Dynamic Resource Allocation for GPUs with NVIDIA DRA Driver
Learn to use Kubernetes Dynamic Resource Allocation (DRA) for flexible GPU allocation, sharing, and configuration with the NVIDIA DRA Driver
The Problem
Traditional Kubernetes device plugins have limitations: GPUs can only be allocated as whole units, configuration is static, and sharing GPUs between containers requires complex workarounds. You need flexible GPU allocation with dynamic configuration.
The Solution
Use Kubernetes Dynamic Resource Allocation (DRA) with the NVIDIA DRA Driver to enable flexible GPU allocation, sharing between containers, and dynamic reconfiguration without pod restarts.

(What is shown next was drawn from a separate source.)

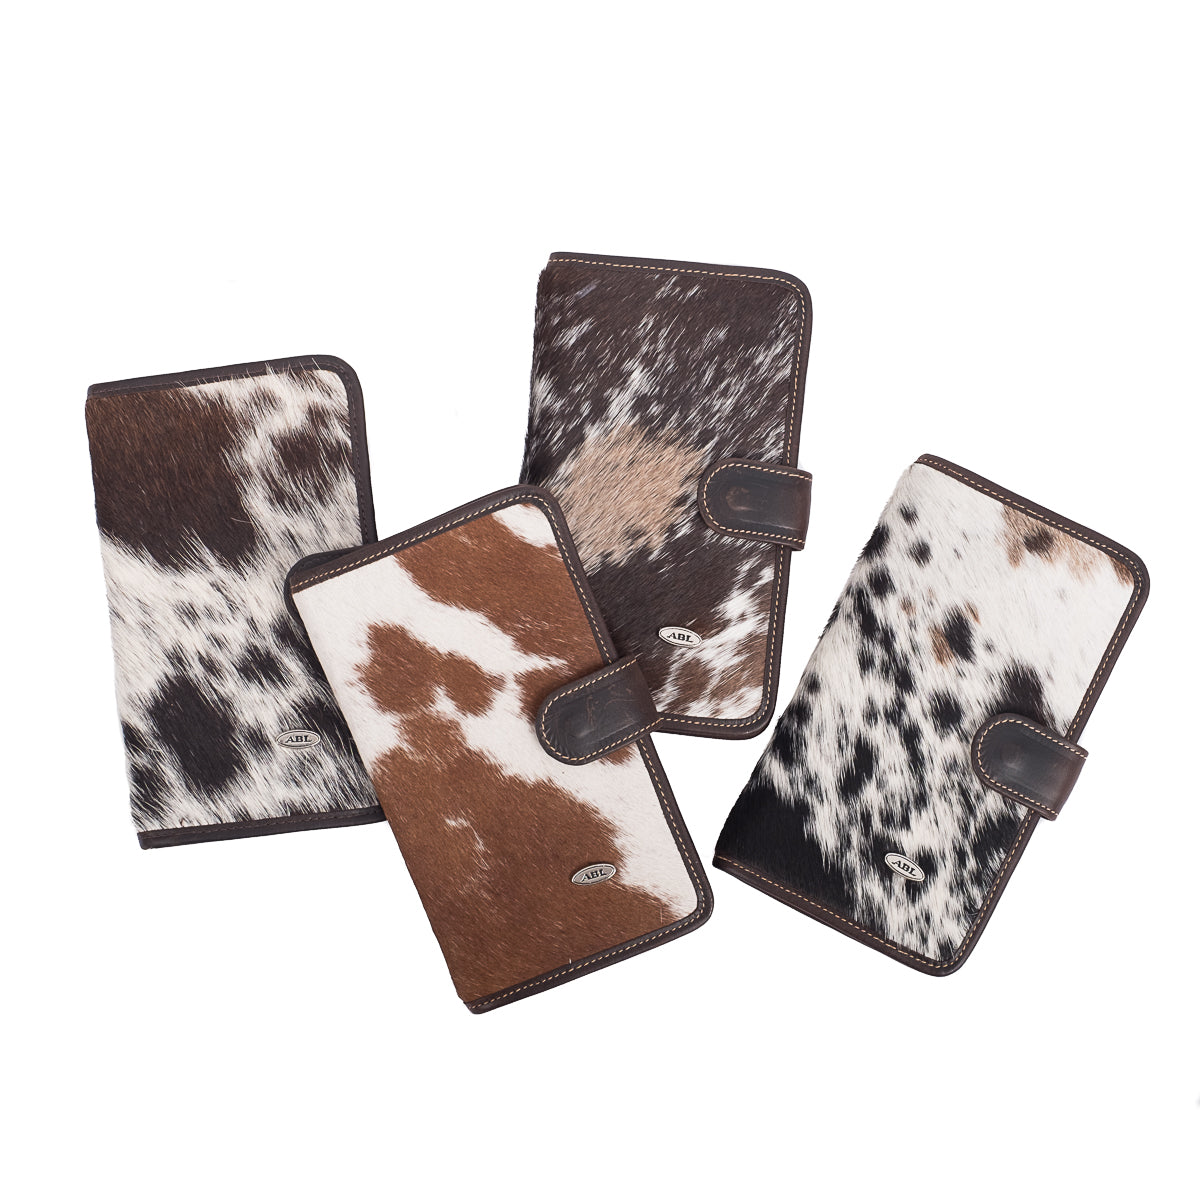 Large Credit Card Wallet - Rawhide - Brown and White– Aussie Bush Leather

Understanding DRA for GPUs
flowchart TB
subgraph dra["🎯 DYNAMIC RESOURCE ALLOCATION"]
direction TB
subgraph traditional["Traditional Device Plugin"]
T1["❌ Whole GPU only"]
T2["❌ Static configuration"]
T3["❌ No sharing"]
T4["❌ Restart required"]
end
subgraph modern["DRA Approach"]
D1["✅ Flexible partitioning"]
D2["✅ Dynamic config"]
D3["✅ Container sharing"]
D4["✅ Runtime changes"]
end
subgraph components["DRA Components"]
RC["ResourceClaim"]
RCT["ResourceClaimTemplate"]
DC["DeviceClass"]
RP["Resource Plugin"]
end
end
traditional --> modern
modern --> componentsStep 1: Enable DRA Feature Gate
Ensure your Kubernetes cluster has DRA enabled:
# kube-apiserver configuration
apiVersion: v1
kind: Pod
metadata:
name: kube-apiserver
spec:
containers:
- name: kube-apiserver
command:
- kube-apiserver
- --feature-gates=DynamicResourceAllocation=true
# ... other flagsFor managed Kubernetes, check your provider’s documentation:
- GKE: Enable via cluster feature flags
- EKS: Available in recent versions
- AKS: Check preview features
Step 2: Install NVIDIA DRA Driver
# Clone the NVIDIA DRA driver repository
git clone https://github.com/NVIDIA/k8s-dra-driver-gpu.git
cd k8s-dra-driver-gpu
# For kind clusters (development)
export KIND_CLUSTER_NAME="dra-gpu-cluster"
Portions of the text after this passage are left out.